■ **Problem statement**: Return the listing in full and exactly, but without a single picture.

■ **Information provided**:
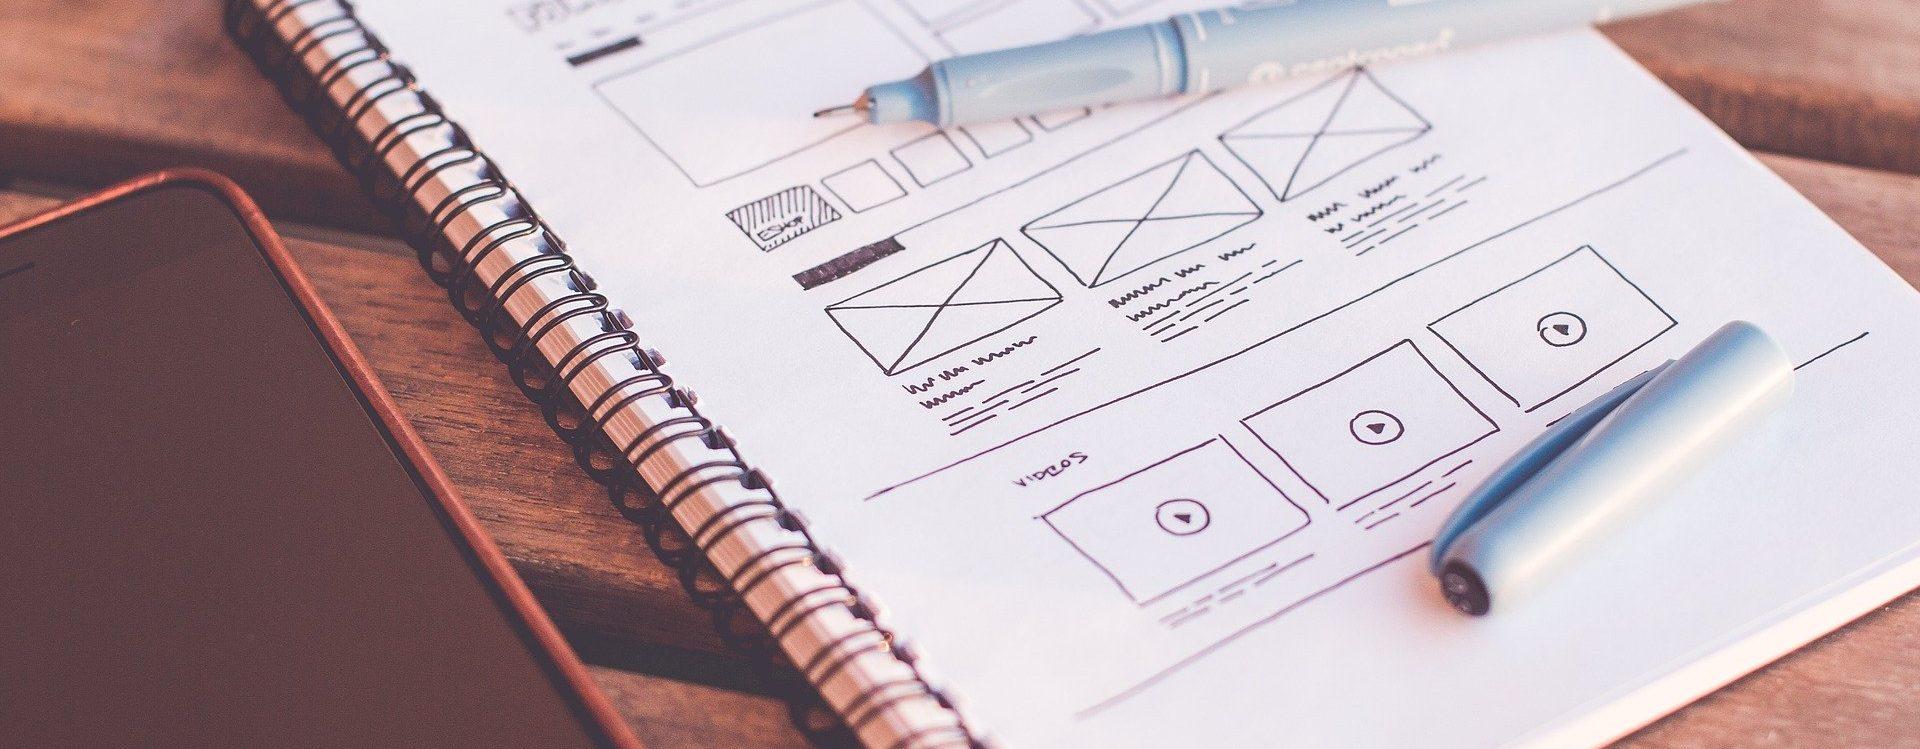 Aphex Web Design
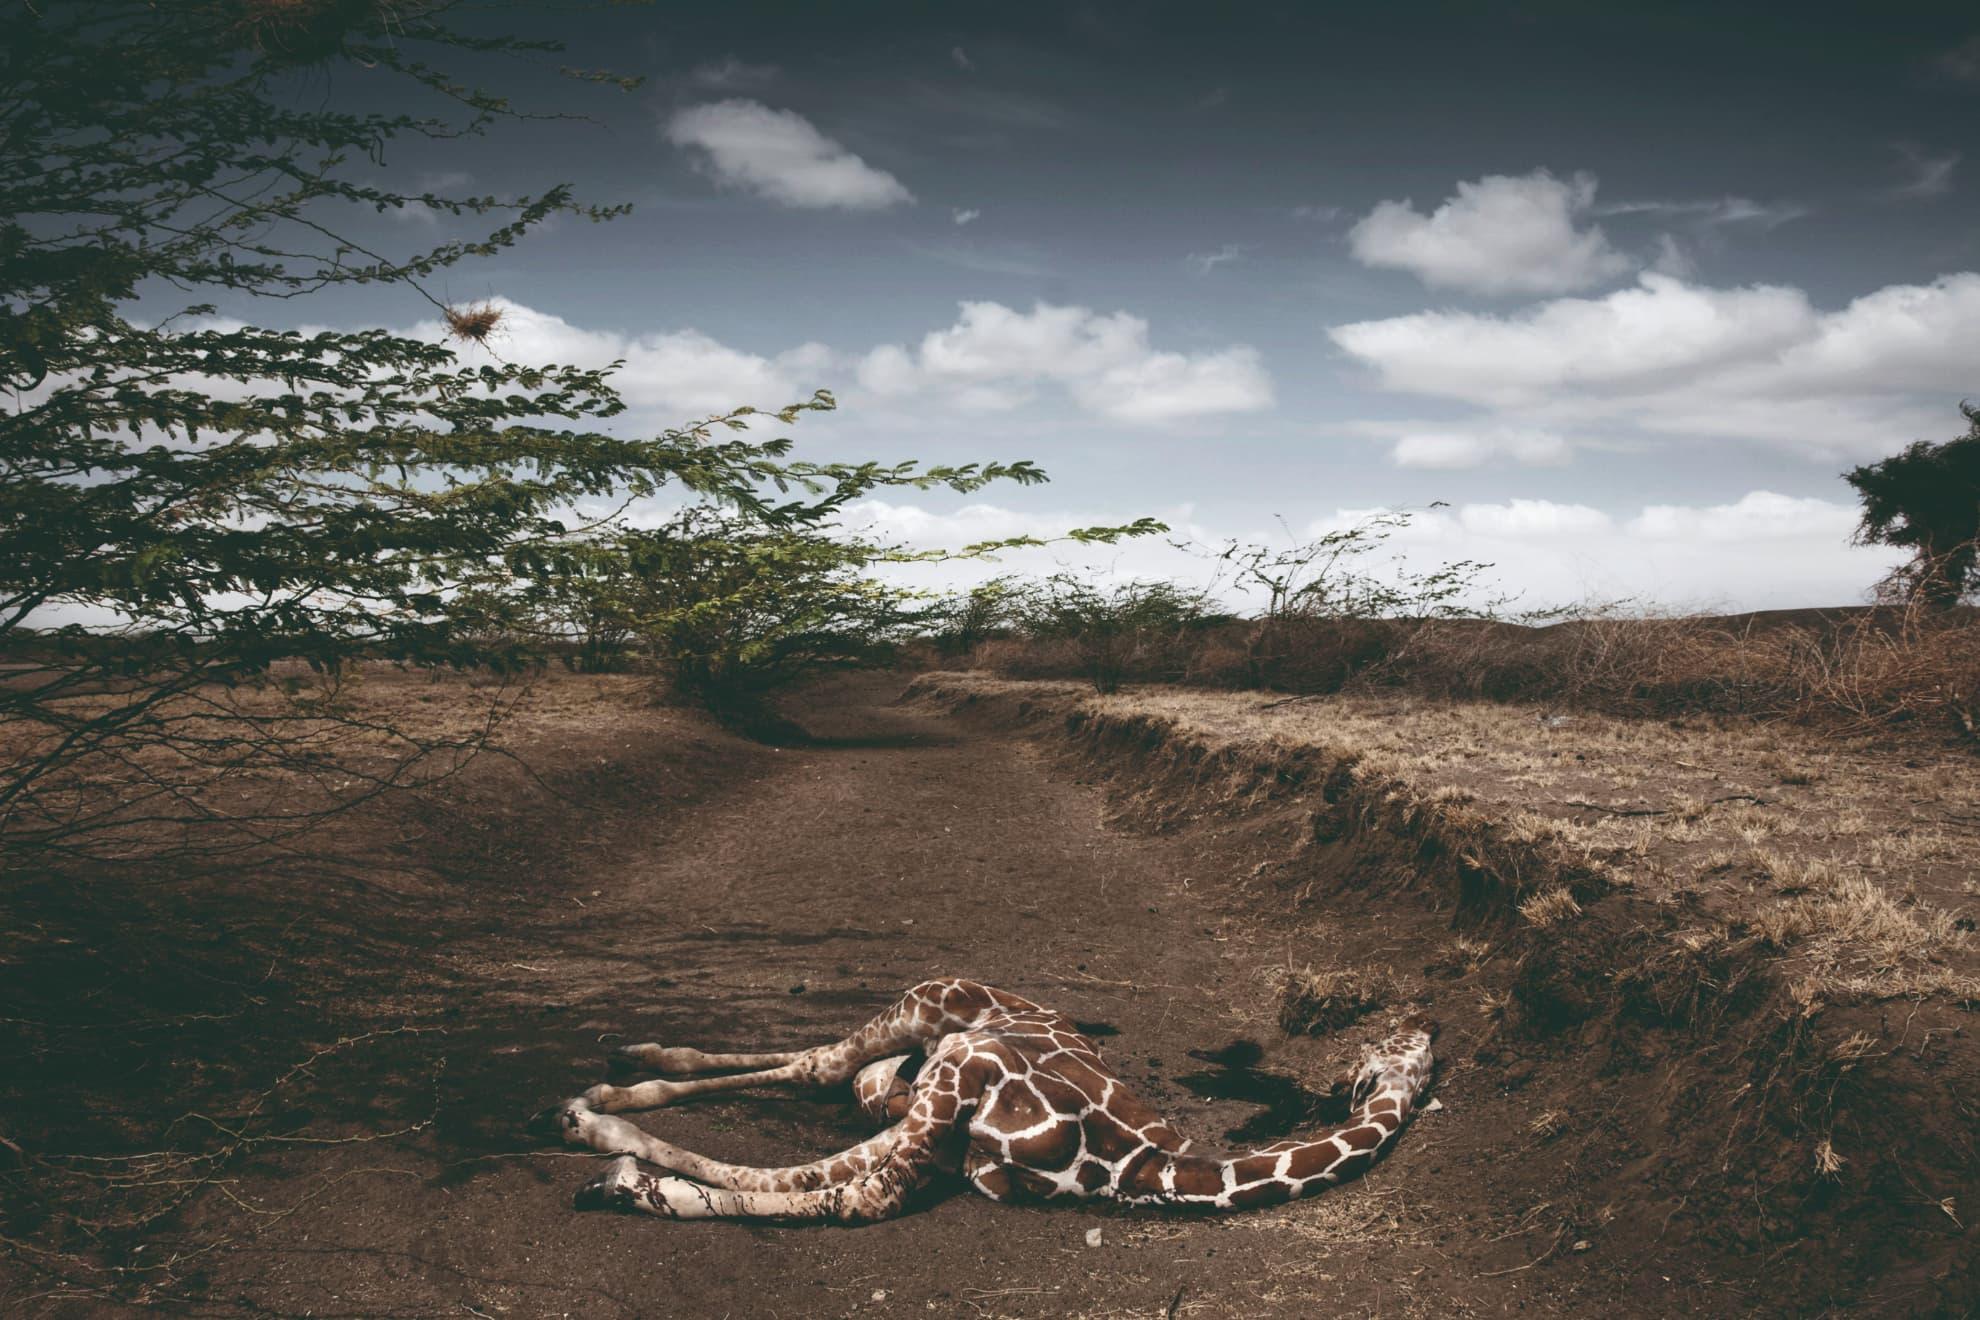 En la imagen, Jirafa muerta a causa de la sequía en la zona de Wajir, en la provincia Nororiental de Kenia. Octubre de 2009.
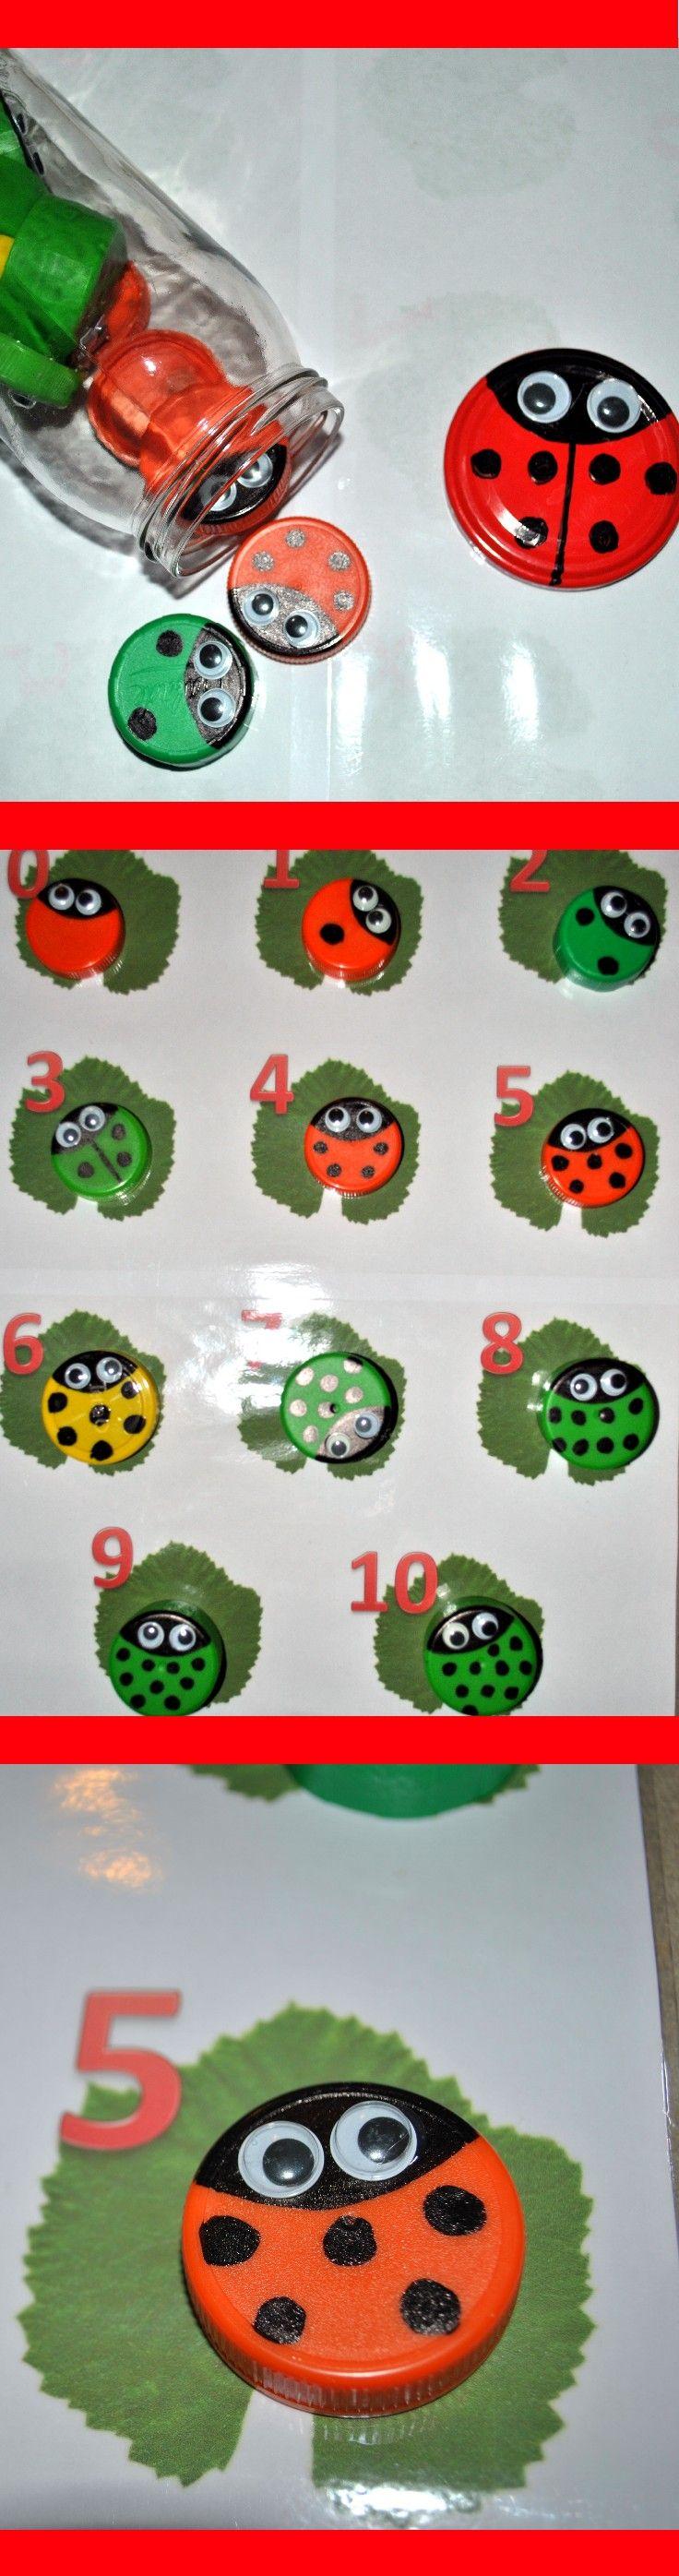 Asociar número a cantidad, previamente hemos decorado tapones como sí fueran mariquitas. A contar lunares y ponerlas en la hoja q corresponda

■ **Answer section**:
 Aphex Web Design
 En la imagen, Jirafa muerta a causa de la sequía en la zona de Wajir, en la provincia Nororiental de Kenia. Octubre de 2009.
 Asociar número a cantidad, previamente hemos decorado tapones como sí fueran mariquitas. A contar lunares y ponerlas en la hoja q corresponda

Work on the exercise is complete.